Highest Common Factor of 3393, 4924 using Euclid's algorithm
Created By : Jatin Gogia
Reviewed By : Rajasekhar Valipishetty
Last Updated : Apr 06, 2023
HCF Calculator using the Euclid Division Algorithm helps you to find the Highest common factor (HCF) easily for 3393, 4924 i.e. 1 the largest integer that leaves a remainder zero for all numbers.
HCF of 3393, 4924 is 1 the largest number which exactly divides all the numbers i.e. where the remainder is zero. Let us get into the working of this example.
Consider we have numbers 3393, 4924 and we need to find the HCF of these numbers.
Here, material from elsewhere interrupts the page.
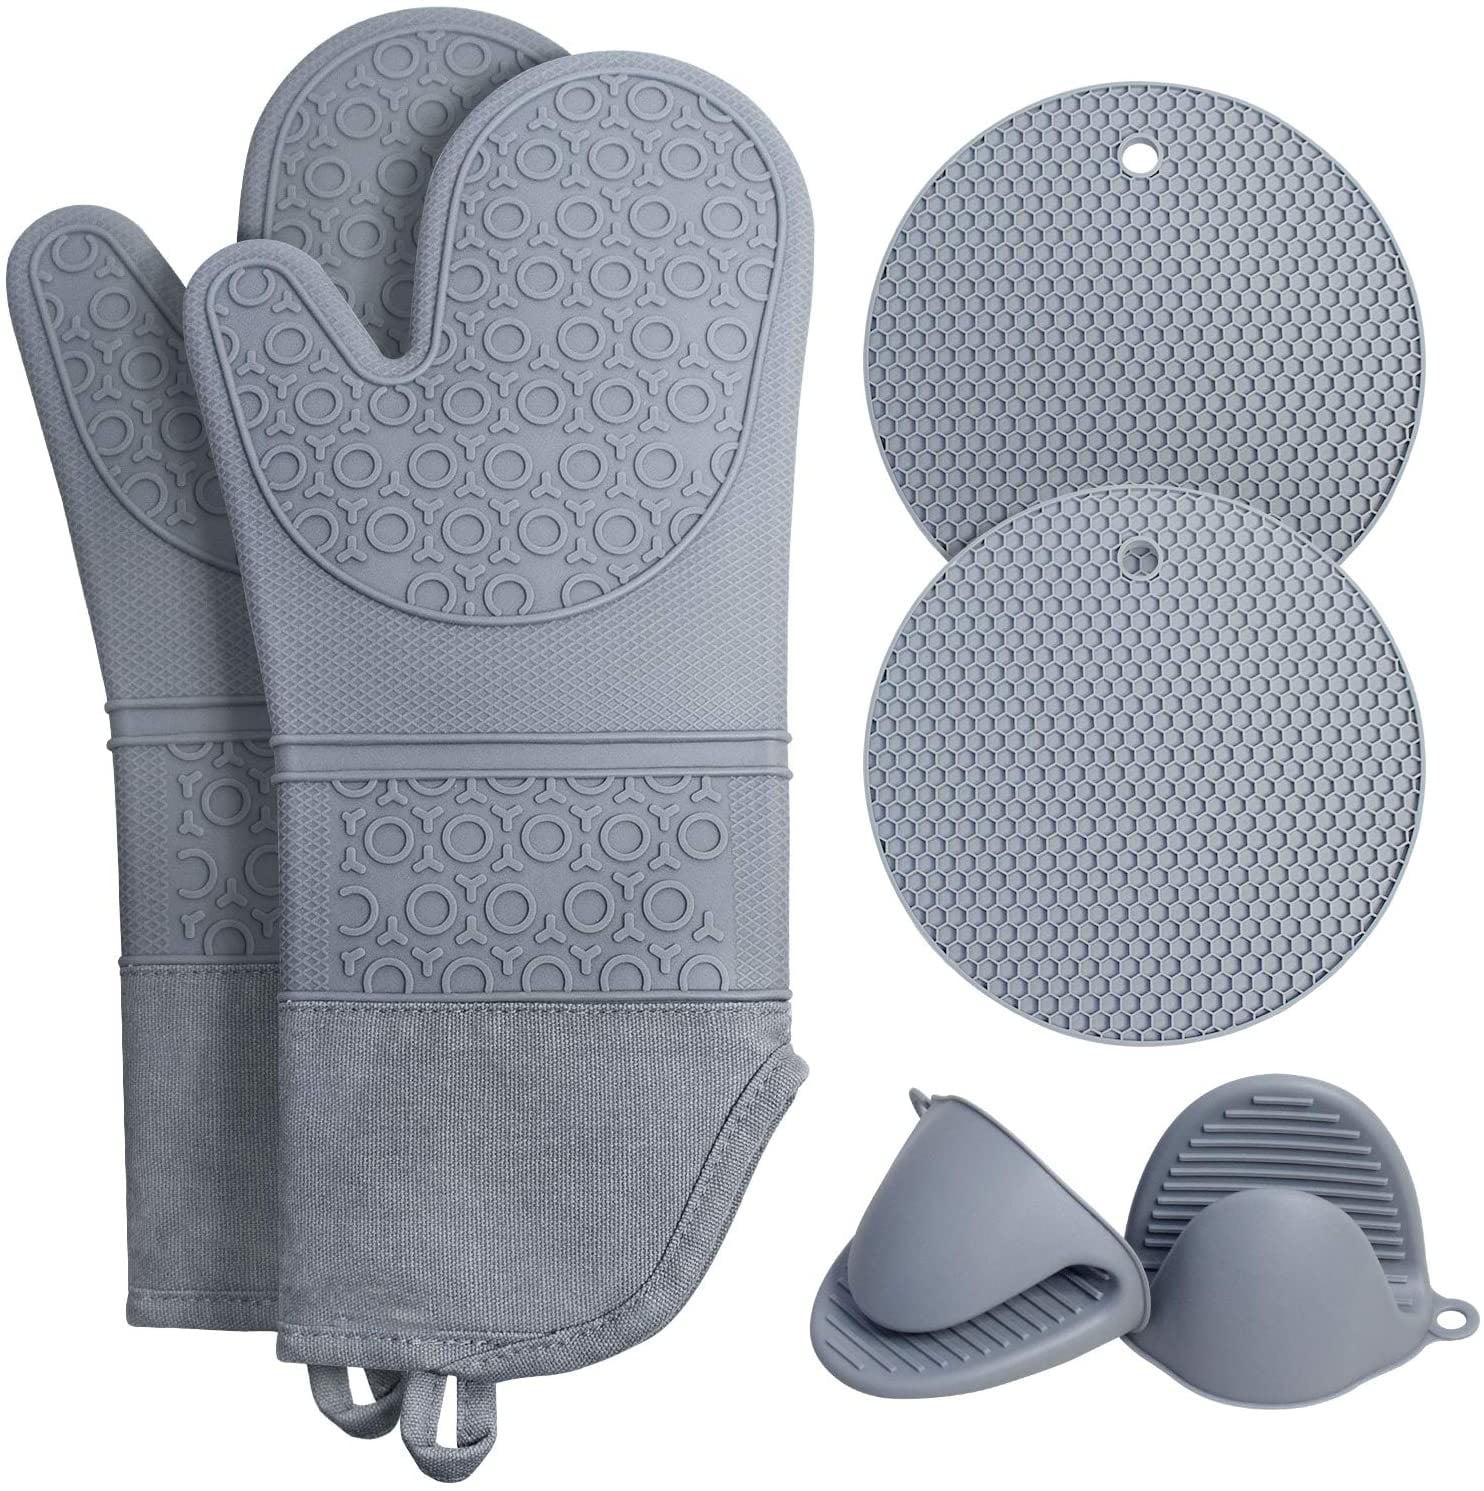 ARCLIBER Oven Mitts 1 Pair of Quilted Cotton Lining Heat Resistant Kitchen Gloves,Flame Oven Mitt Set,Grey

To do so, we need to choose the largest integer first and then as per Euclid's Division Lemma a = bq + r where 0 ≤ r ≤ b
Highest common factor (HCF) of 3393, 4924 is 1.
HCF(3393, 4924) = 1
HCF of 3393, 4924 using Euclid's algorithm
Highest common factor or Highest common divisor (hcd) can be calculated by Euclid's algotithm.
Highest common factor (HCF) of 3393, 4924 is 1.
Highest Common Factor of 3393,4924 is 1
Step 1: Since 4924 > 3393, we apply the division lemma to 4924 and 3393, to get
4924 = 3393 x 1 + 1531
Step 2: Since the reminder 3393 ≠ 0, we apply division lemma to 1531 and 3393, to get
3393 = 1531 x 2 + 331
Step 3: We consider the new divisor 1531 and the new remainder 331, and apply the division lemma to get
1531 = 331 x 4 + 207
We consider the new divisor 331 and the new remainder 207,and apply the division lemma to get
331 = 207 x 1 + 124
We consider the new divisor 207 and the new remainder 124,and apply the division lemma to get
207 = 124 x 1 + 83
We consider the new divisor 124 and the new remainder 83,and apply the division lemma to get
124 = 83 x 1 + 41
We consider the new divisor 83 and the new remainder 41,and apply the division lemma to get
83 = 41 x 2 + 1
We consider the new divisor 41 and the new remainder 1,and apply the division lemma to get
41 = 1 x 41 + 0
The remainder has now become zero, so our procedure stops. Since the divisor at this stage is 1, the HCF of 3393 and 4924 is 1
Notice that 1 = HCF(41,1) = HCF(83,41) = HCF(124,83) = HCF(207,124) = HCF(331,207) = HCF(1531,331) = HCF(3393,1531) = HCF(4924,3393) .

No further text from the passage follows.